Общий вывод его состоит в том, что на ранних ступенях развития не только земля, но всё вообще имущество, прежде всего пища, находилось в общинной собственности (С. 172‑173). Таким образом Н.И. Зибер полностью разделял идею первобытного коммунизма, хотя и не пользовался этим термином. Но в целом применение термина "коммунизм" в отношении первобытного общества имело во второй половине XIX в. и первой половине XX в. достаточно широкое распространение у полевых исследователей (385. С. 31; 229. С. 36; 103. С. 119, 192; 579. С. 409; 745. С. 483 и др.). Наряду с ним использовался и термин "социализм" (552. С. 3‑62; 548. С. 92‑94). Причём ни один из авторов, на труды которых сделаны ссылки, не был марксистом.
Вслед за работой Н.И. Зибера в конце XIX и начале XX вв. появилось значительное число работ, посвящённых как хозяйству народов доклассового общества в целом, так и отдельным его аспектам (588; 101; 589; 102; 590; 100; 701; 314; 35А; 325; 376; 462; 51; 349; 881; 687; 141; 666; 667).
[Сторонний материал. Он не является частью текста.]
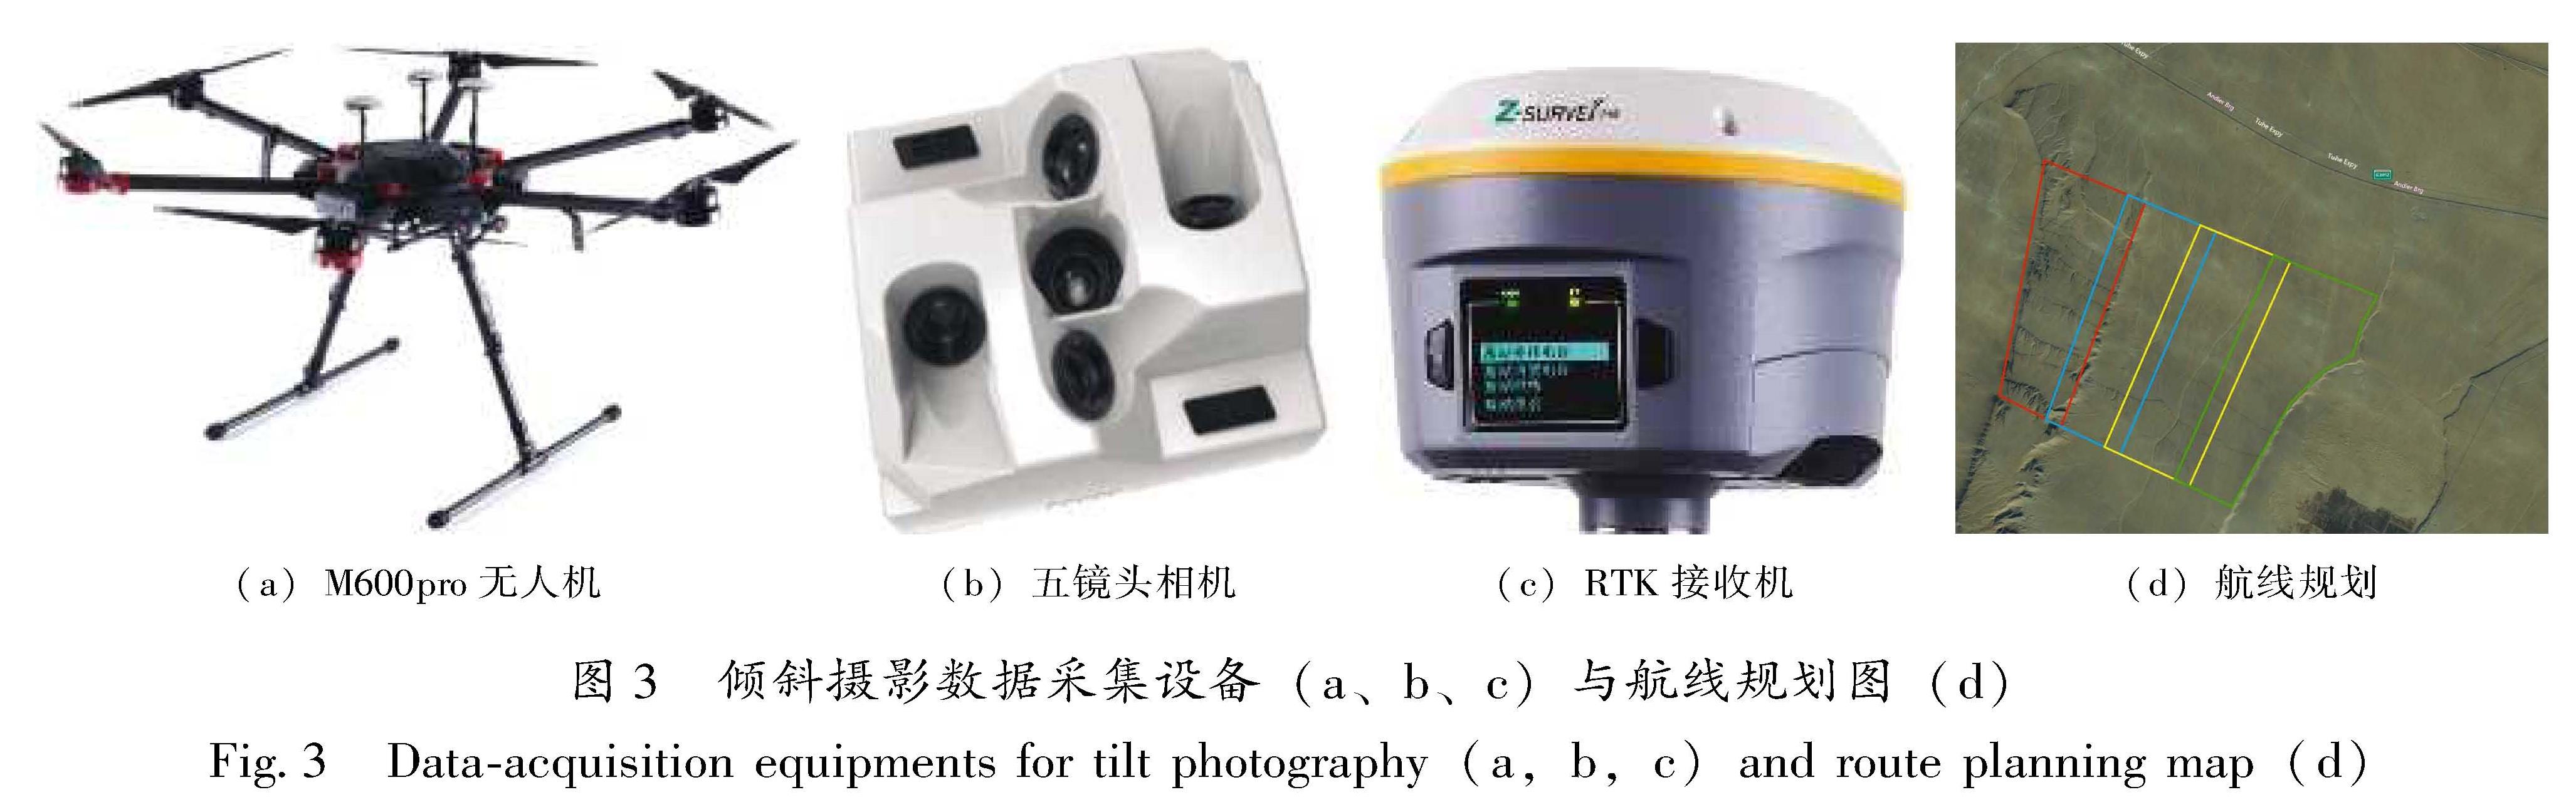 图3 倾斜摄影数据采集设备(a、b、c)与航线规划图(d)<br/>Fig.3 Data-acquisition equipments for tilt photography(a,b,c)and route planning map(d)

Наряду с описанием технологии производства и организации труда они, нередко, содержали материалы и о социально‑экономических отношениях, а некоторых такие материалы даже преобладали. Все приведённые данные так или иначе истолковывались авторами, а некоторые из них даже пытались набросать более или менее целостную картину социально‑экономических отношений первобытности.
Однако все теоретические построения, если таковые создавались, носили чисто умозрительный характер. Давая ту или иную интерпретацию фактов, исследователи, в массе своей являвшиеся буржуазными учёными, исходили не столько из самих фактов, сколько из предвзятых представлений, имевших своим источником, с одной стороны, общественные условия, в которых они сами жили, а с другой, различного рода социологические, а в дальнейшем и экономические учения. Влияние экономических теорий возрастало по мере того, как в центре внимания исследователей всё в большей степени оказывались социально‑экономические отношения. И среди них особое воздействие на умы буржуазных учёных оказывала возникшая в конце XIX в. т.н. формальная экономическая теория (формальная экономия) или, как её иначе нередко называют маржинализм. Это имеет свои причины.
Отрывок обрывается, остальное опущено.